New Jersey IssuesLegislation
- A.4476: Limiting Out-of-State Ambulatory Surgery Facilities. New Jersey law permits a hospital operating outside the state to open an ambulatory surgery facility within the state. On June 1, 2015, Assemblyman Herb Conaway (D-Burlington) introduced legislation requiring that ambulatory surgery facilities licensed in New Jersey must be owned by a hospital or a medical school located in New Jersey. The bill was unanimously passed by the Assembly Health and Senior Services Committee immediately following its introduction. Assemblyman Erik Peterson (R-Hunterdon, Warren) voted in favor of the bill as a member of the committee. The bill has been sent to the full Assembly for consideration and is expected to be heard on June 11, 2015. Companion legislation has been introduced in the Senate by Senator Richard Codey (D-Essex, Morris) and is expected to be considered by the Senate Health, Human Services and Senior Citizens Committee on June 8, 2015. The New Jersey Hospital Association (NJHA) strongly supports the bill.
- H.R. 2156: Medicare Audit Improvement Act of 2015. The Recovery Audit Contractor (RAC) program was authorized as a Medicare demonstration project by the Medicare Modernization Act of 2003 to identify and recover improper Medicare payments made to healthcare providers. The RAC program was made permanent by the Tax Relief and Health Care Act of 2006 and then extended to the Medicaid program through the ACA. The program has been criticized by providers faced with redundant audits, unmanageable medical record requests and inappropriate payment denials.
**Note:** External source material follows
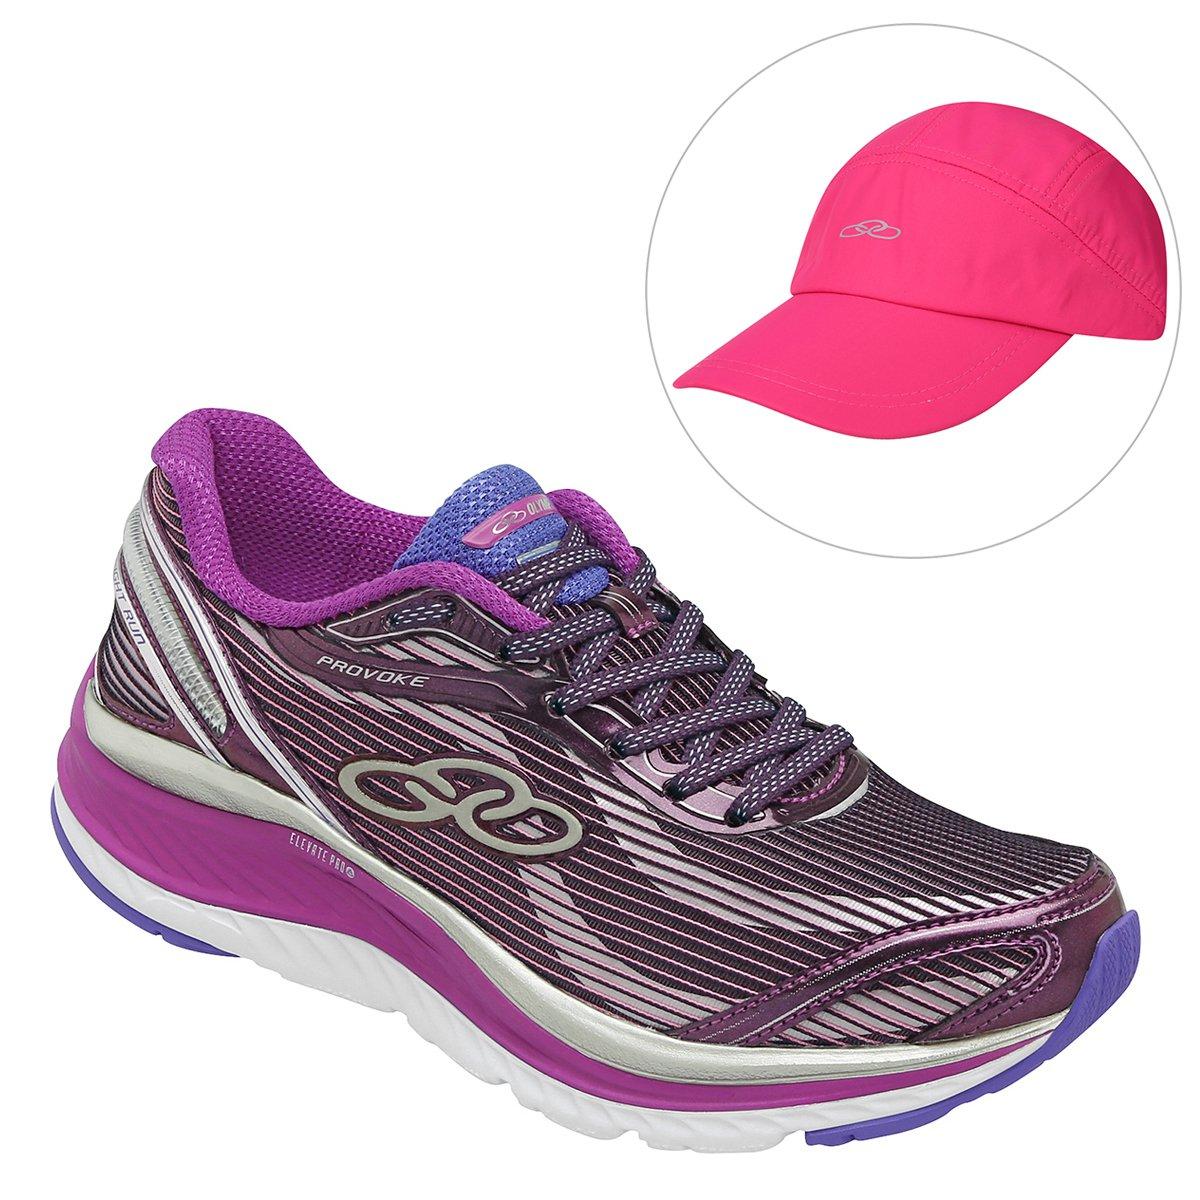 cc86535ccf3 Kit Tênis Olympikus Provoke Feminino + Boné Olympikus Aba Curva Essential - Compre  Agora

In addition, RAC auditors are frequently paid on a contingency basis, causing some of them to be overly aggressive. According to the American Hospital Association (AHA), hospitals are successfully overturning 75% of all RAC denials. On April 30, 2015, Congressman Sam Graves (R-6-MO) reintroduced legislation to reform the RAC program. The bill would limit documentation requests permitted by RAC auditors and require RAC auditors to pay penalties for repeated failures to meet program guidelines. The AHA, the NJHA and HAP support the legislation. The bill has been assigned to the House Committee on Ways and Means and the House Committee on Energy and Commerce.
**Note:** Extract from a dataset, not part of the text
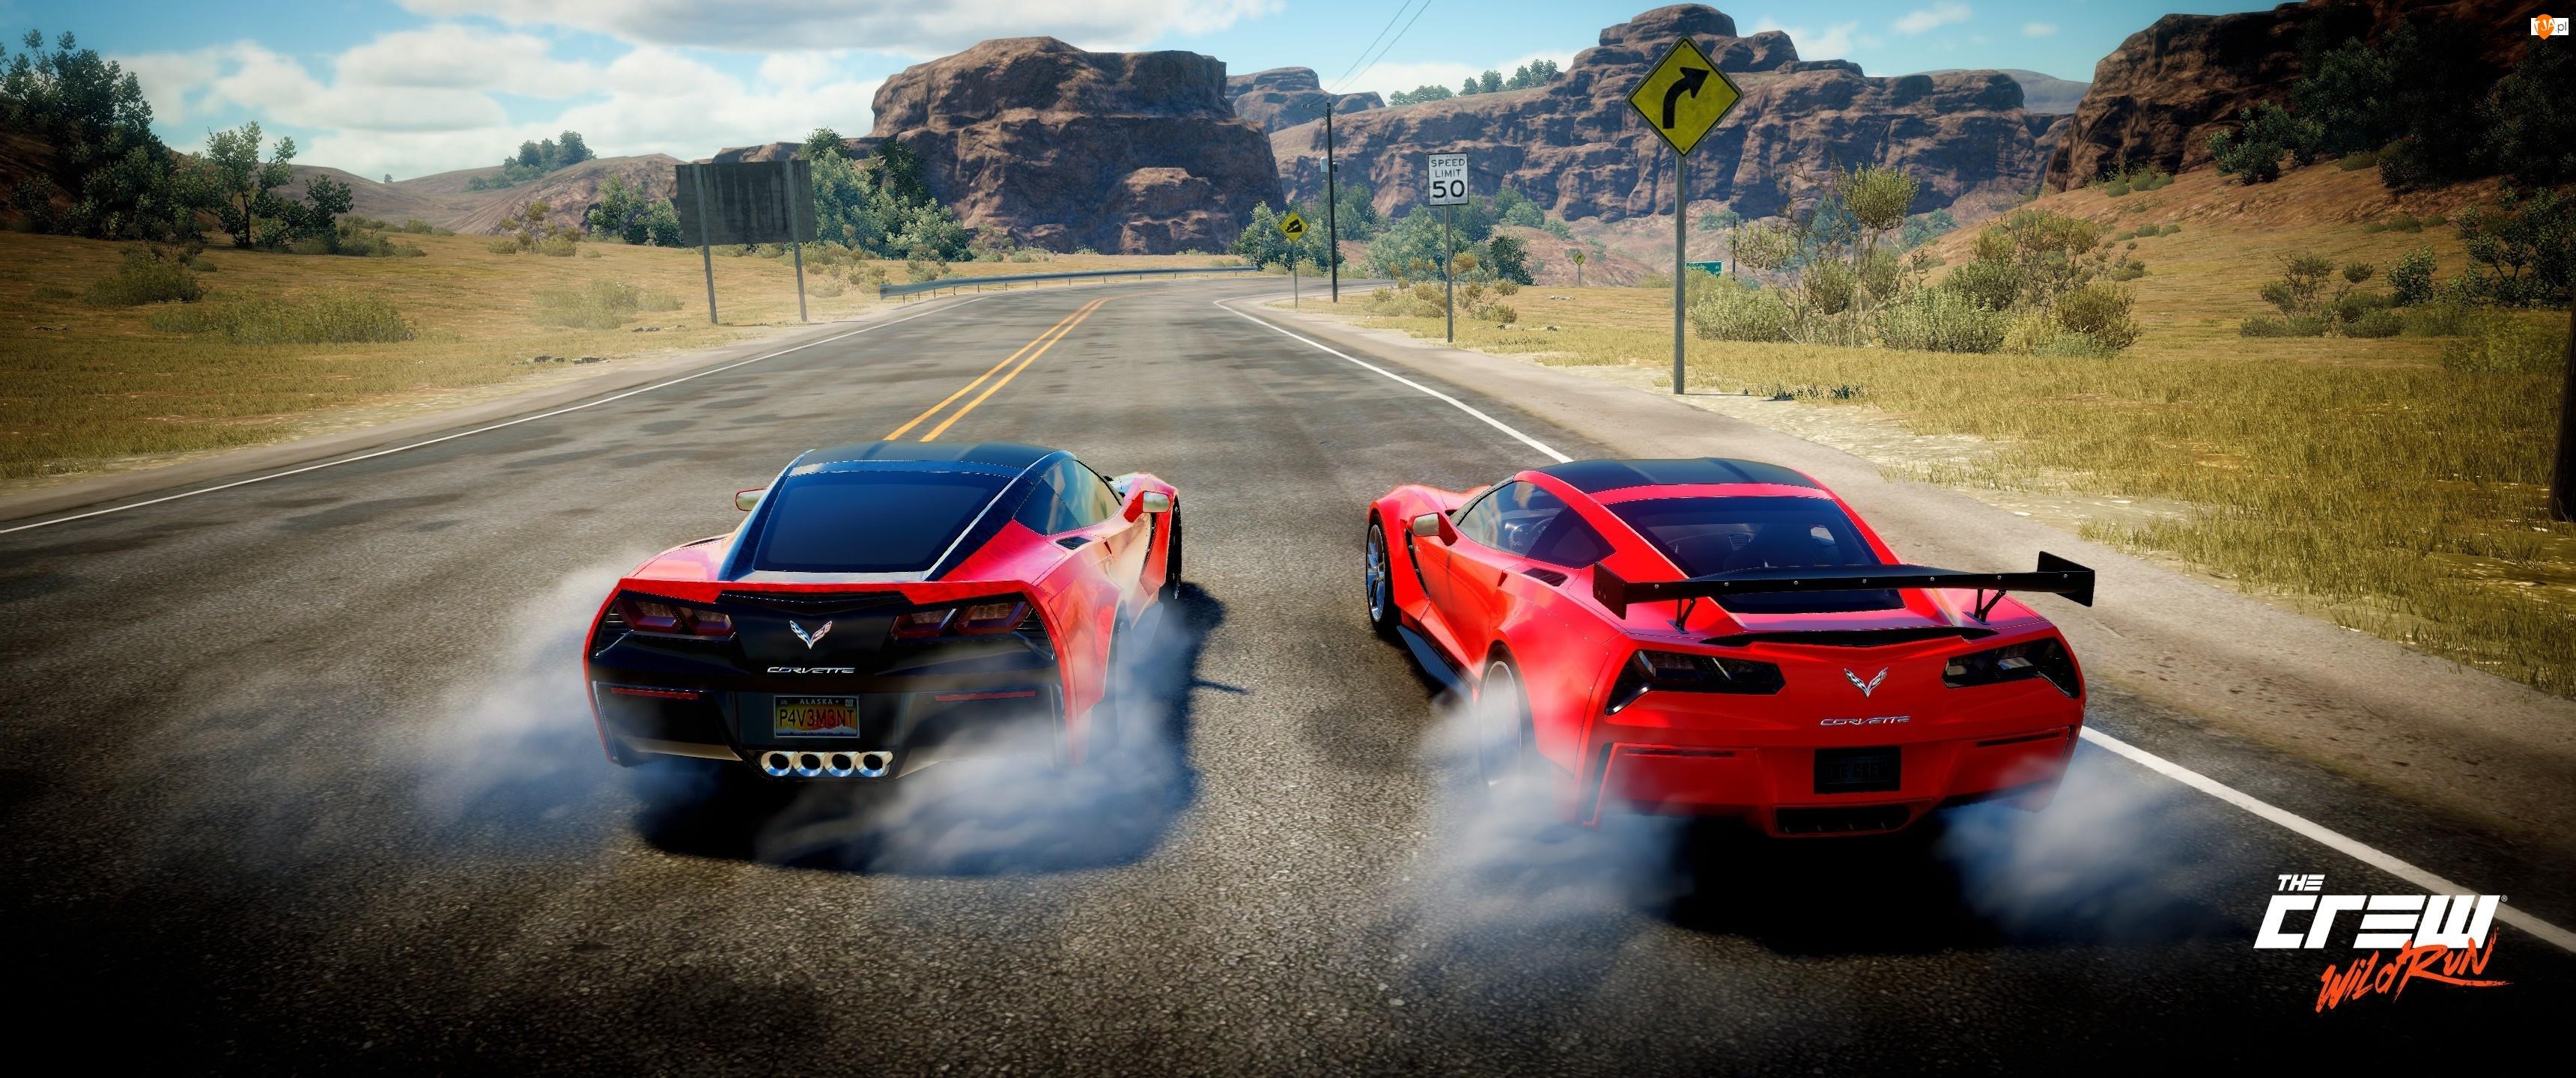 Samochody, Gra, The Crew Wild Run, Droga

- S. 1148 Resident Physician Shortage Reduction Act of 2015. In 1997, Congress placed a cap on the number of medical residency slots funded through Medicare. According to the American Association of Medical Colleges (AAMC), there will be a shortage of 91,500 physicians by 2020 and 130,600 physicians by 2025 if Congress does not increase the cap. On April 30, 2015, Senator Bill Nelson (D-FL) reintroduced legislation which would increase the cap on the number of federally funded medical residency slots. The legislation would provide for 15,000 new residency slots by 2019 at a cost of $1 billion annually. Senator Robert Casey (D-PA) serves as a co-sponsor of the bill. The AAMC and the AHA state that the residency cap has severely limited the ability of hospitals to train physicians, causing shortages in behavioral health, primary care and general surgery. Companion legislation, cosponsored by Congressman Joseph Crowley (D-14-NY) and Congressman Charles Boustany (R-3-LA), was introduced on the same day in the House of Representatives.
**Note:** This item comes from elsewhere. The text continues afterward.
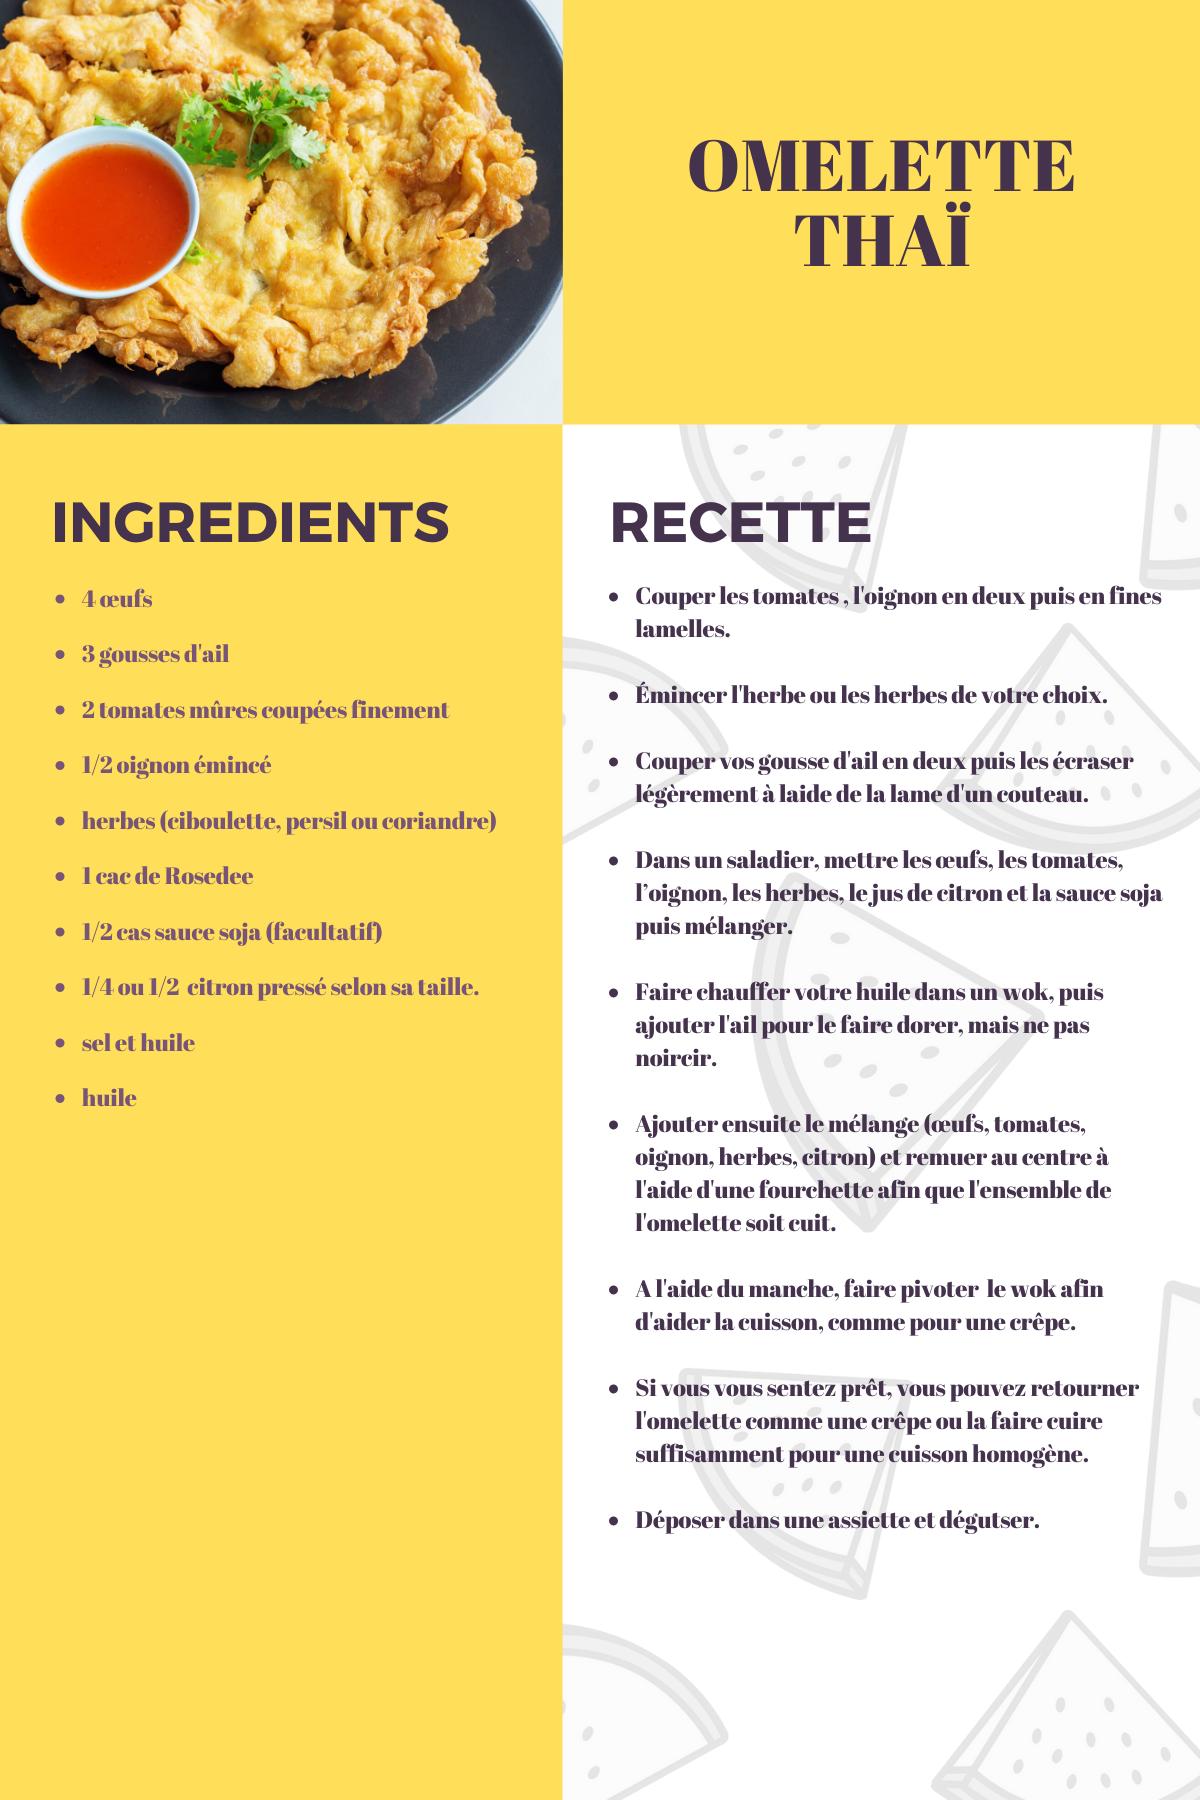 recette omelette thaï

- Section 501(r): On May 14, 2015, the American Health Lawyers Association announced that the Internal Revenue Service (IRS) is reconsidering a provision in the final Section 501(r) regulations that requires a hospital’s financial assistance policy (FAP) to list the providers, other than the hospital facility itself, delivering emergency or other medically necessary care in the hospital and to specify which providers are and are not covered by the hospital’s FAP. After the final regulations were issued, the AHA and the AAMC sent a joint letter to the Treasury Department and the IRS expressing their concerns over the compliance burden associated with this requirement.